Fica aqui a versão portuguesa da entrevista,
na tradução de M. Yiossuf Adamgy, director da revista de estudos islâmicos Al Furqán.
Os ataques
terroristas em Paris originaram o seu novo livro Campos de Sangue. Religião e História da Violência repentina e
tragicamente muito urgente. Em mais de quinhentas páginas, Karen Armstrong, que
já foi freira e é autora de best-sellers respeitados como Uma História de Deus e O
Processo de Deus, responde à questão de saber se a religião é a principal
causa da violência. Uma conversa sobre o Islão e os terroristas, a
responsabilidade ocidental e o mundo em que vivemos.
Não é um
livro alegre, o mais recente de Karen Armstrong: o sangue flui livremente sobre
as páginas, metaforicamente falando. Em detalhe, ela descreve a violência que
tem sido sempre indissoluvelmente associada com o desenvolvimento de
Estados-nações e culturas. Mas é um livro necessário, uma espécie de verificação
da realidade. Pois é tempo de perceber o quanto cada civilização tem as suas
raízes na submissão e exploração, incluindo a nossa. Importante altura de ouvir
essa voz.
Karen
Armstrong entra no hall do hotel, com um ritmo firme – uma mulher pequena e
elegante, com uma madeixa loira de cabelo que continua caindo na frente de seus
olhos. E um riso pronto, apesar do assunto sombrio. Vamos começar com a
pergunta de um milhão de dólares.
Pergunta –
Existe alguma diferença entre Jesus [Issa a.s.] e Maomé [Muhammad s.a.w.] em
termos de violência ou, em outras palavras, como explica que a maior parte do
terrorismo agora seja inspirado no Islão?
KAREN
ARMSTRONG – O terrorismo não tem nada a ver com Muhammad, tal como as Cruzadas
não tinham nada a ver com Jesus. Não há nada no Islão que seja mais violento do
que no Cristianismo. Todas as religiões têm sido violentas, incluindo o Cristianismo.

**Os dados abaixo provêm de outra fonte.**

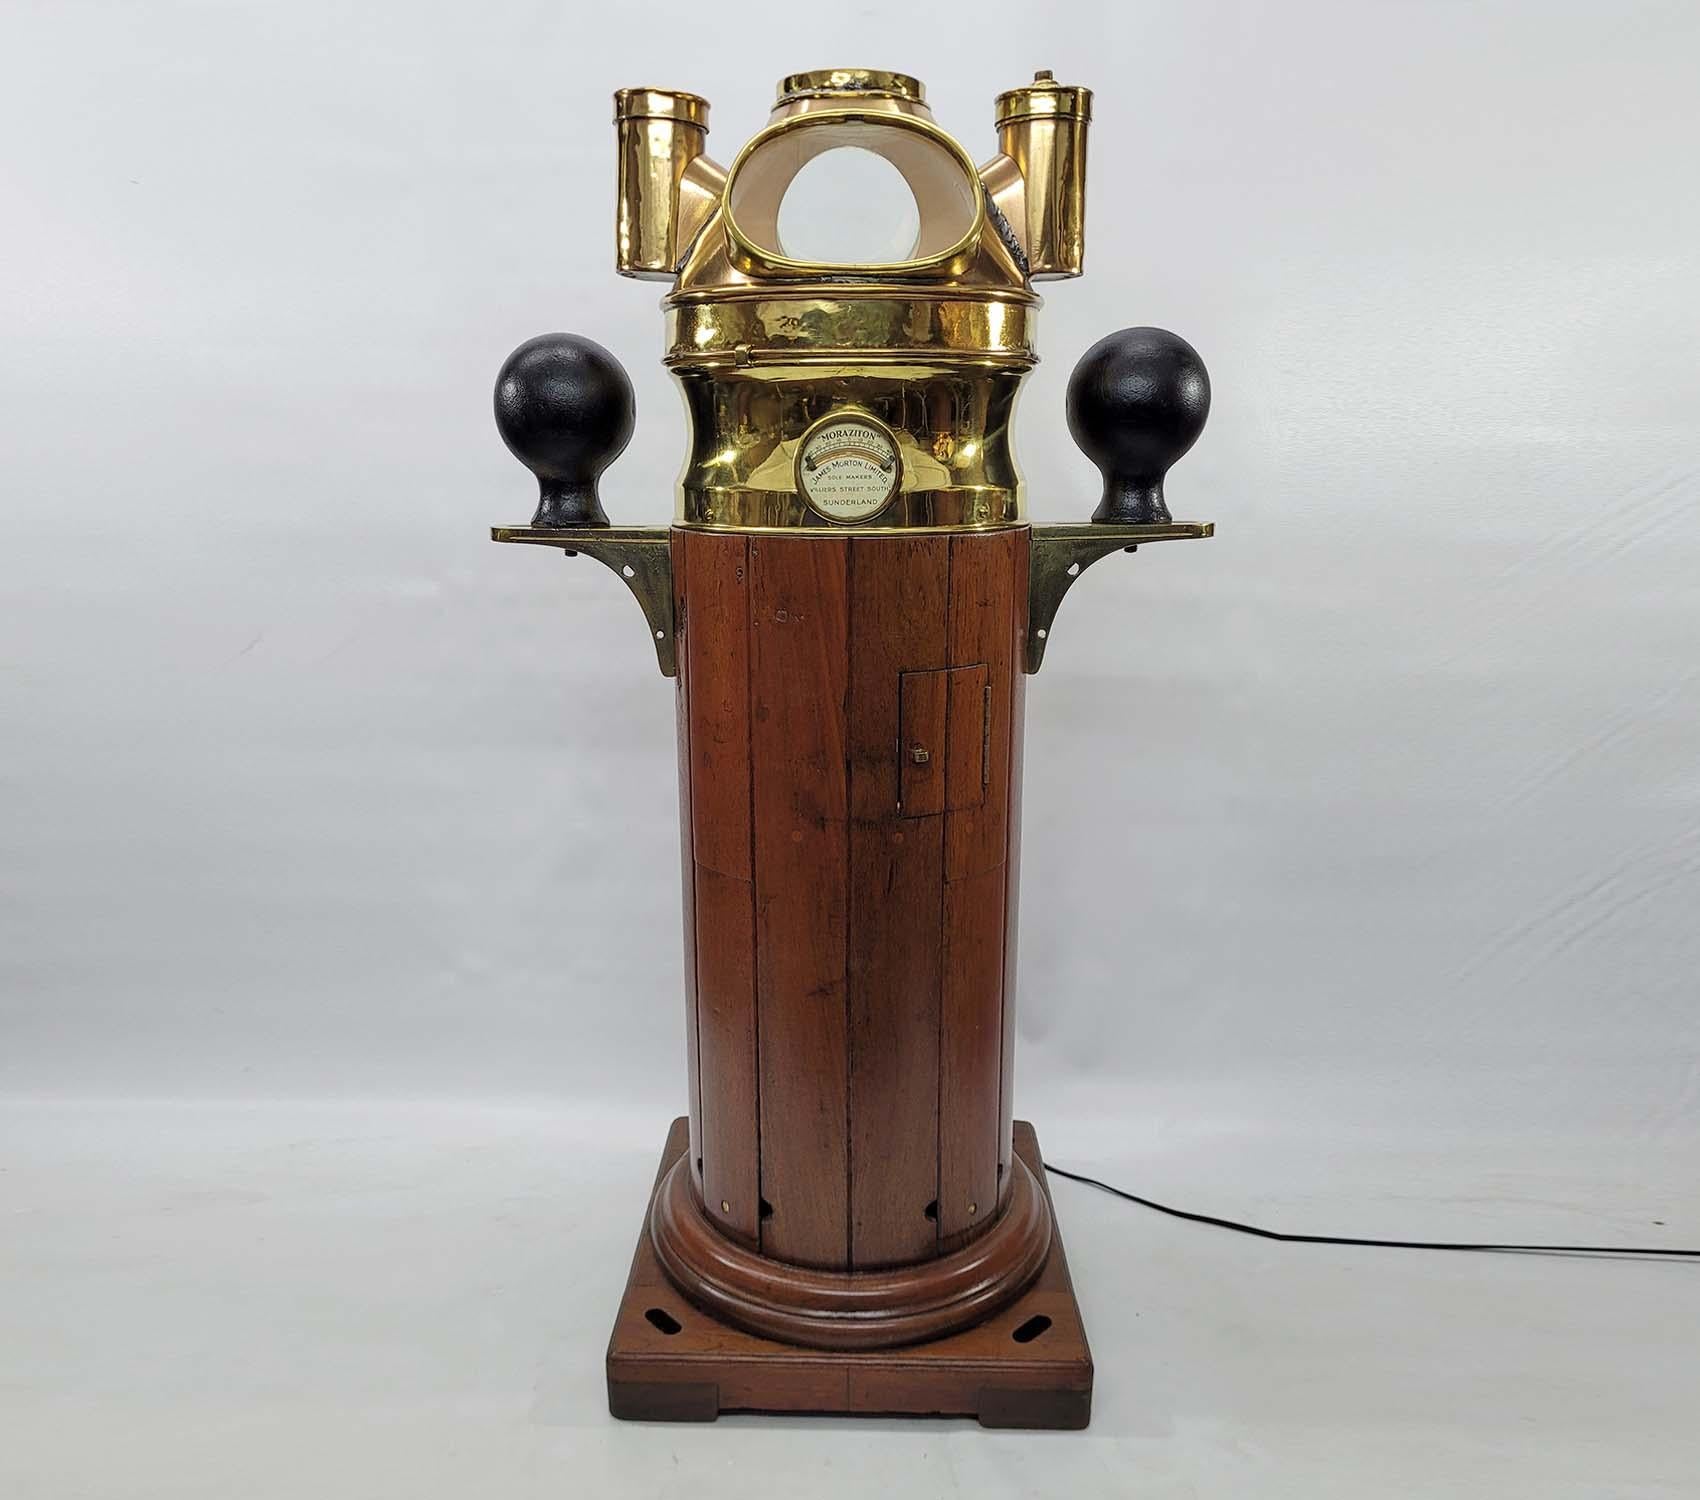 Exceptional ships binnacle by James Morton Limited of Sunderland. This is the “Capitalize Morabiton” model. A clinometer is fitted into the mermaid’s waist style compass shroud. The original compass hangs from davits inside. Varnished base with

Não havia nada no mundo muçulmano como o antissemitismo, que é uma importação
do período moderno. Eles tomaram de nós. Os missionários trouxeram-no. E então
veio o estado de Israel. O judaísmo tornou-se violento no mundo moderno, graças
ao Estado-nação.
P. – Mas,
então, qual é a causa do terrorismo muçulmano? No seu livro escreve que os
muçulmanos foram introduzidos na modernidade de uma forma mais abrupta...
R. – Da
maneira mais violenta. Quando George Bush e Tony Blair foram para o Iraque,
eles pensavam que a modernidade levaria todos para a democracia, imediatamente.
Não é necessariamente o caso. Ela trabalhou para nós, porque a democracia era
boa para a indústria. A liberdade, que ouvimos muito no momento, foi
fundamental para a nossa economia, tanto quanto para qualquer outra coisa. Para
as pessoas, tem de haver a liberdade para inovar, para manter o país produtivo.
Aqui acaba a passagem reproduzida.